Во время вооруженной интервенции англичан в Грецию, уже освобожденную внутренними силами страны от захватчиков, – интервенции во имя восстановления трона короля Георга II и демонстрации британского флага в этой части Средиземноморья, – адмирал Кинг издал приказ, которым запрещалось использование для операции американских танкодесантных средств. Приказ был отменен распоряжением Леги, но точка зрения США в принципе не изменилась. 13 декабря 1944 года Рузвельт прямо заявил Черчиллю, что не имеет «возможности встать на Вашу (британскую) позицию при нынешнем ходе событий в Греции» [871] .
Какую-то роль играло настроение общественности. Президент не забыл своего прискорбного эксперимента с адмиралом Дарланом и отклика, который вызвала попытка опереться во французских делах на эту скомпрометированную коллаборационизмом фигуру. Не менее важным, однако, было желание выдвинуться в ангелы-хранители демократии и свободы, стремление стать единственным истолкователем Атлантической хартии и ее гарантом. На фоне английского произвола и жестокостей, с какими Черчилль утверждал свои «искренние советы», Соединенным Штатам было затруднительно критиковать не нравившиеся им действия СССР в Восточной Европе, добиваться от Москвы большей гибкости.
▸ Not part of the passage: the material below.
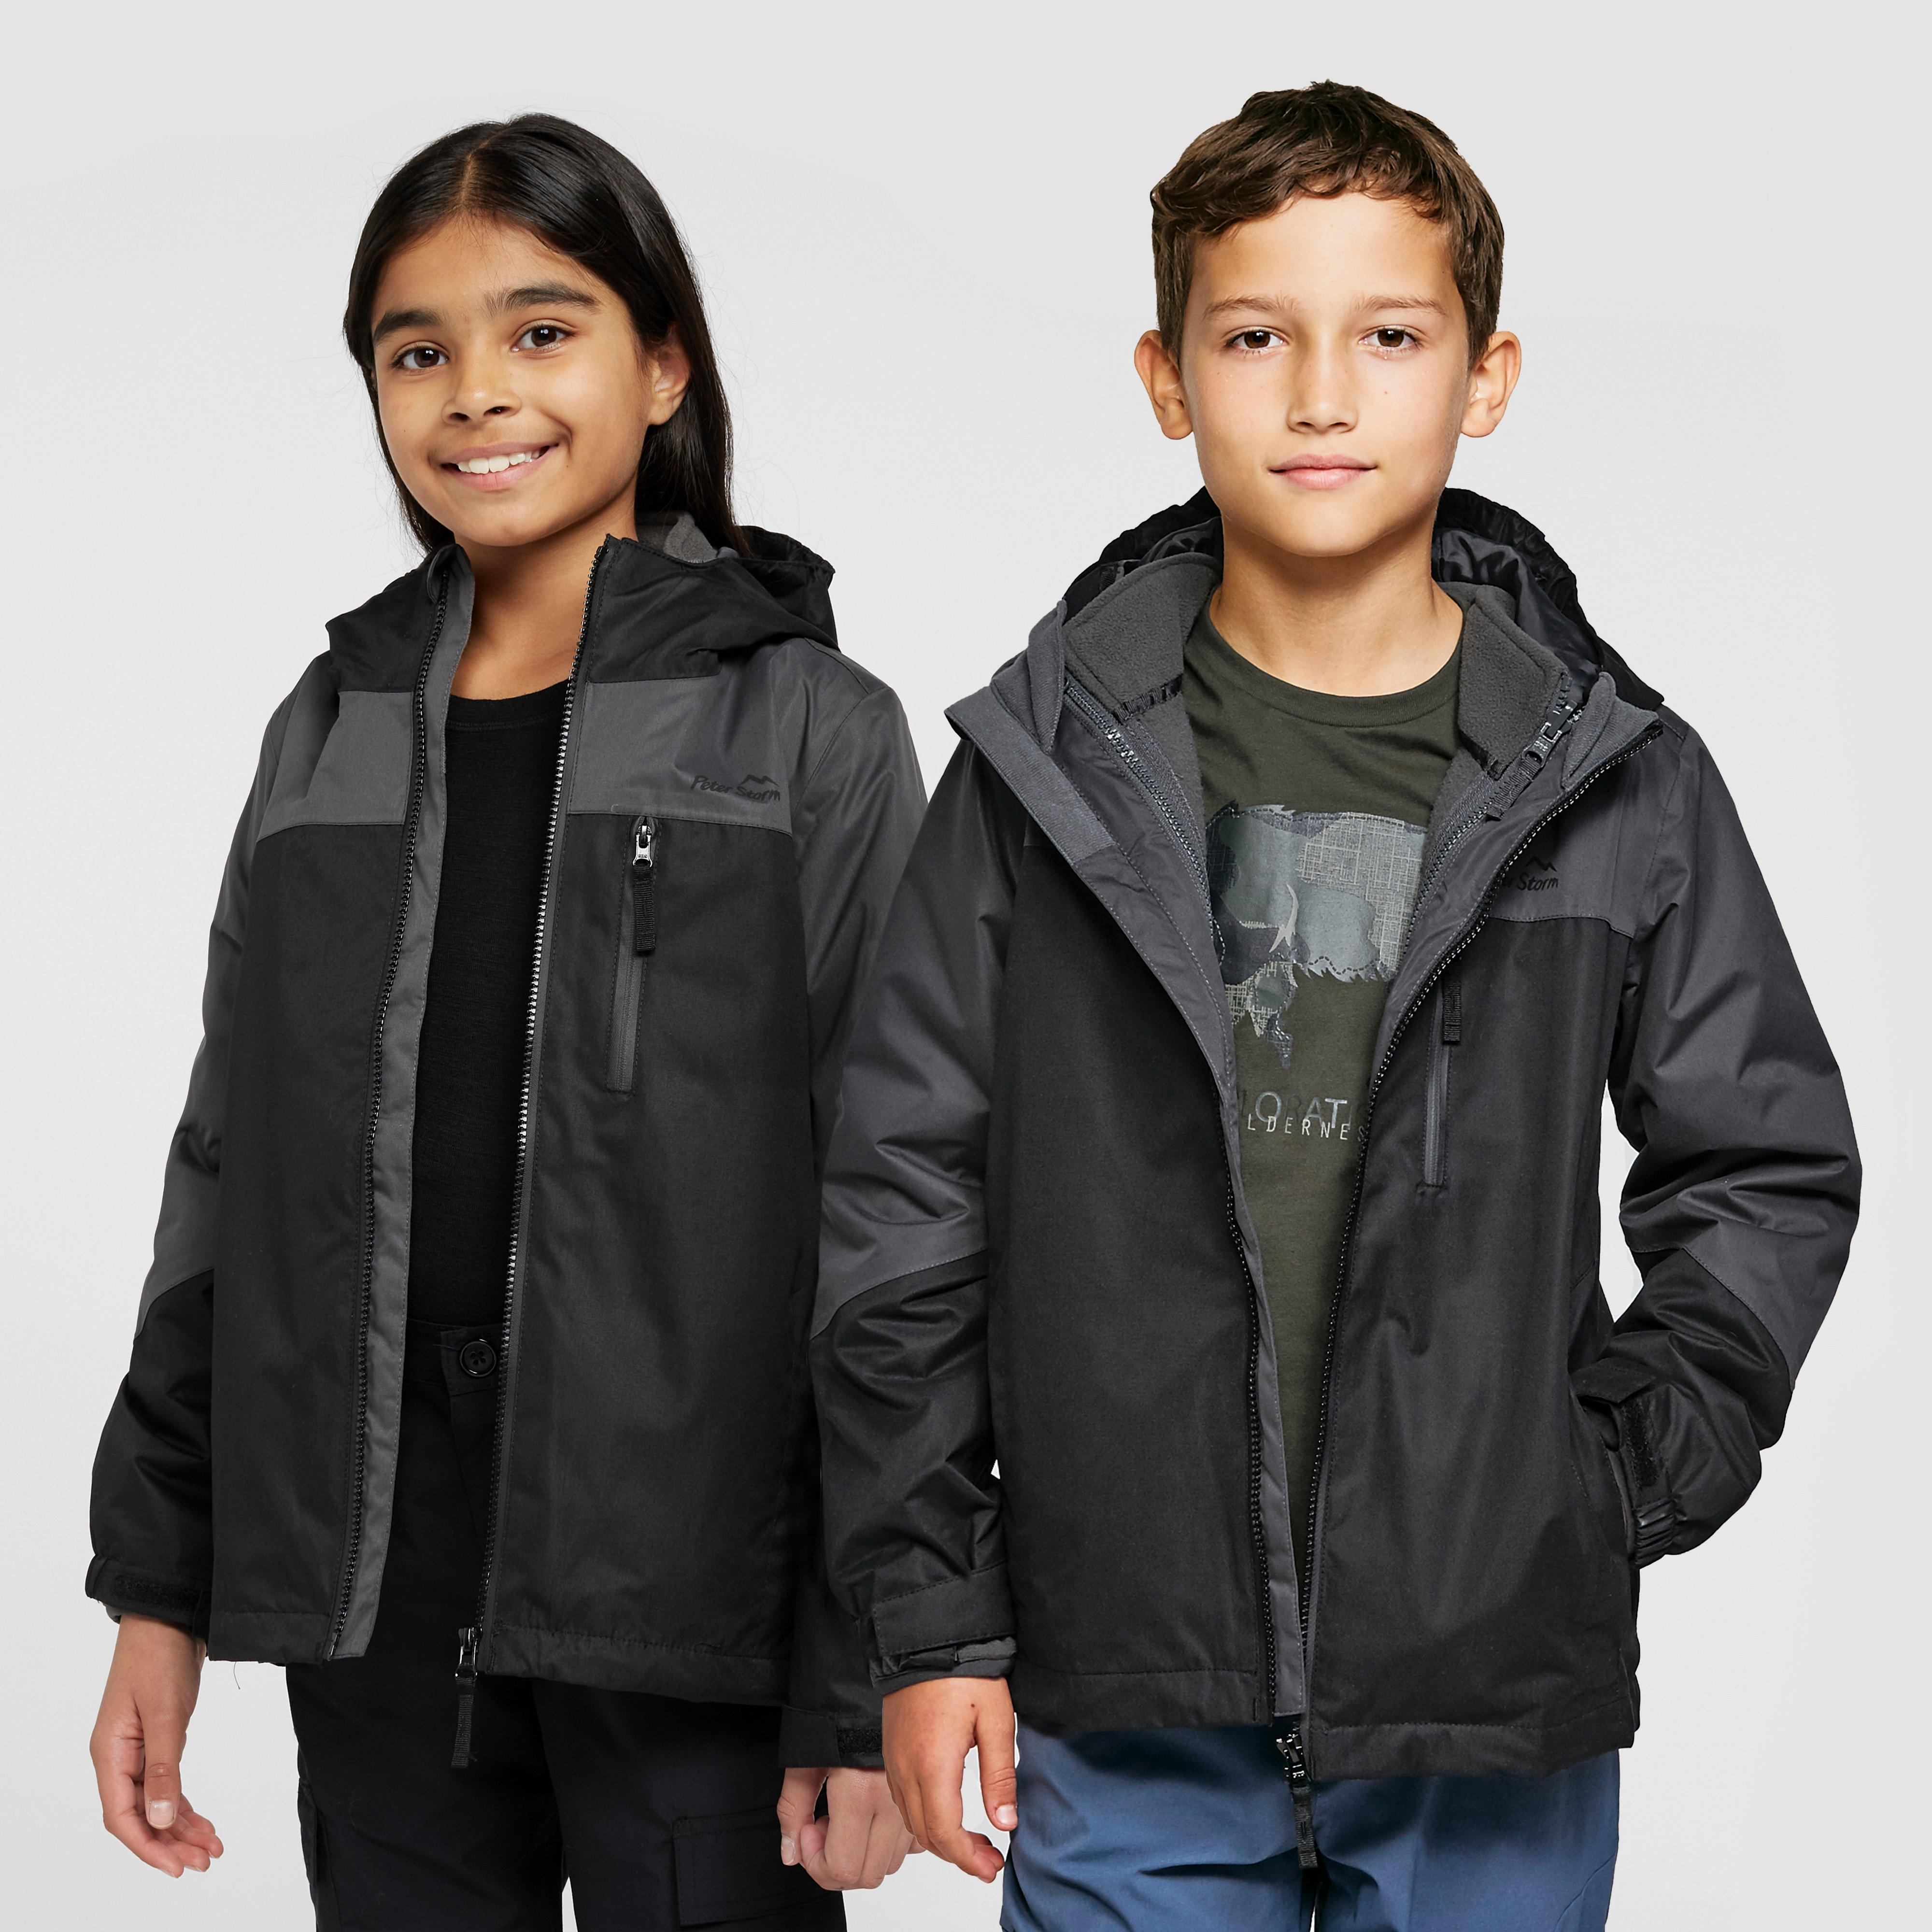 Peter Storm Kids' Lakes 3-In-1 Jacket - Black/Blk, Black

Разочаровывающее сотрудничество с британской стороной и неровно складывавшиеся отношения с СССР возбудили у Рузвельта сомнения в полезности для США надолго застревать в Европе. Вряд ли искренние и стойкие. В телеграмме Черчиллю 18 ноября 1944 года он писал: «Вам, конечно, известно, что после краха Германии я буду должен доставить американские войска на родину так быстро, как это позволяют транспортные проблемы». Премьер высказал по этому поводу серьезные опасения [872] , чего, вероятно, и добивался президент.